医学 自身抗体 内科学 不利影响 逻辑回归 免疫学 抗体
作者
Corrado Campochiaro,Nicola Farina,Alessandro Tomelleri,Roberto Ferrara,Silvia Viola,Chiara Lazzari,Giacomo De Luca,Daniele Raggi,Alessandra Bulotta,Marco Matucci-Cerinic,Andrea Necchi,Marina Garassino,Vanesa Gregorc,Lorenzo Dagna
出处
期刊:European Journal of Internal Medicine [Elsevier BV]
卷期号:103: 95-99 被引量:1
标识
DOI:10.1016/j.ejim.2022.07.005
摘要

Abstract

Objective

Immune-related adverse events (irAEs) due to immune checkpoint inhibitors are responsible for a considerable burden of morbidity and mortality.

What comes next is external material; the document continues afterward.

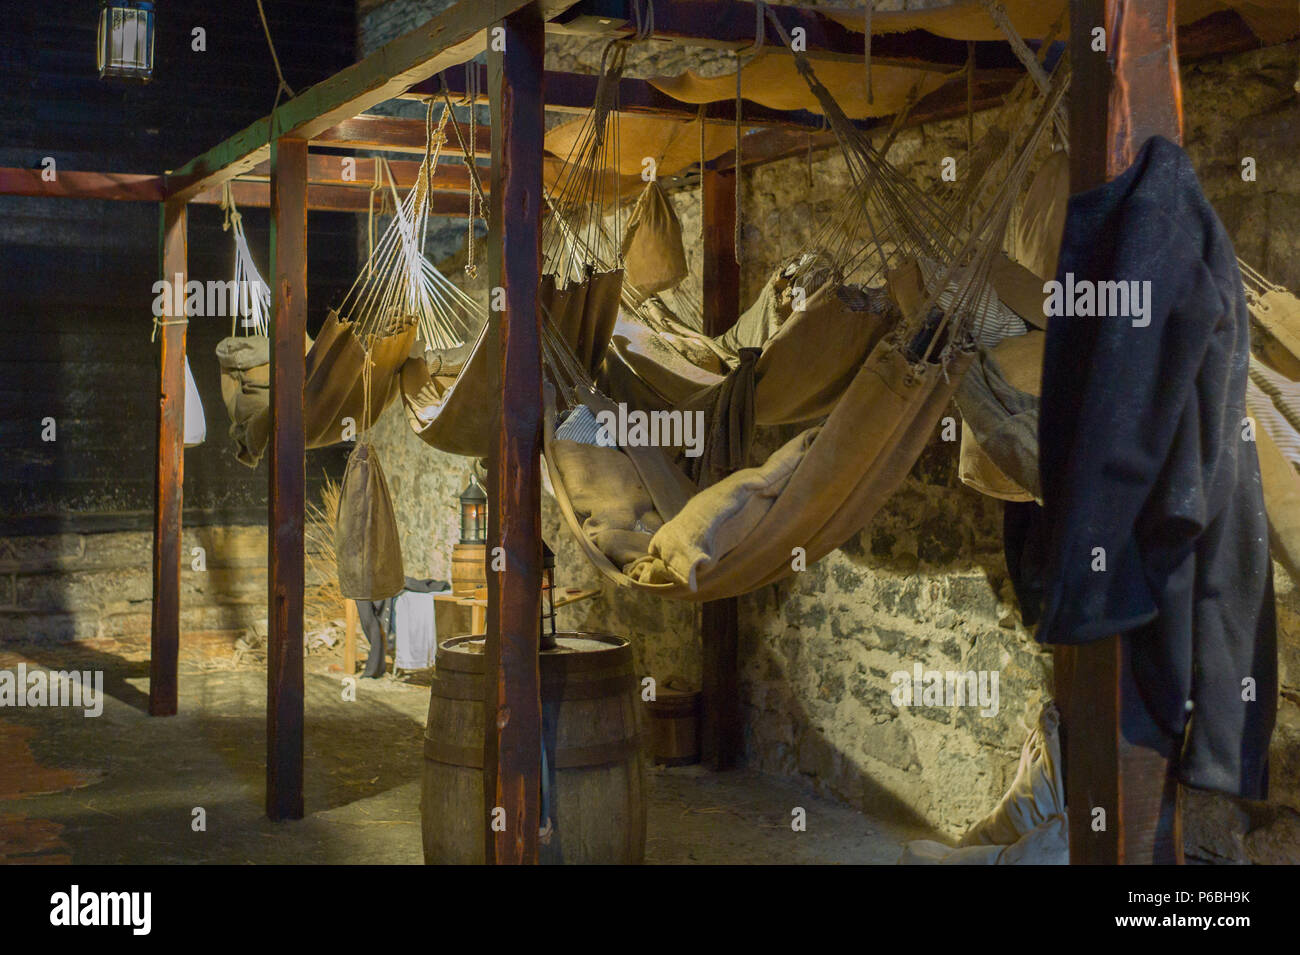 Hammocks hanging in the prison inside Edinburgh Castle used by prisoners of war. Scotland - Stock Image

Predictors of severity of rheumatic irAEs have not been identified yet. The objective of this study was to test the hypothesis whether the presence of autoantibodies could be associated with a more severe and difficult-to-treat clinical phenotype of rheumatic irAEs.

Methods

Patients referred to our centre due to the onset of rheumatic irAEs were prospectively recruited between June 2018 and December 2020. A pre-specified panel of autoantibodies was tested in each patient at baseline visit. All patients were started on glucocorticoids and then followed-up. Conventional or biologic immunosuppressants were started in case of steroid-refractory or relapsing disease. Logistic regression analysis was performed to evaluate the association between the baseline positivity of at least one autoantibody and the necessity of an add-on therapy.

Results

Fourty-three patients with rheumatic irAEs were enrolled. Twenty-five (58%) patients had positivity of at least one of the tested autoantibodies. Twenty-two (51%) patients required the start of an additional immunosuppressant during follow-up. The only factor associated with the necessity of an add-on therapy was autoantibody positivity (OR=9.65, 95% CI:2.09–44.56; p-value 0.004).

Conclusions

The presence of autoantibodies in patients with cancer who develop rheumatic irAEs could predict their progression to difficult-to-treat clinical manifestations. This finding might prompt a future therapeutic approach based on a tailored and earlier immunosuppressive treatment in selected cases.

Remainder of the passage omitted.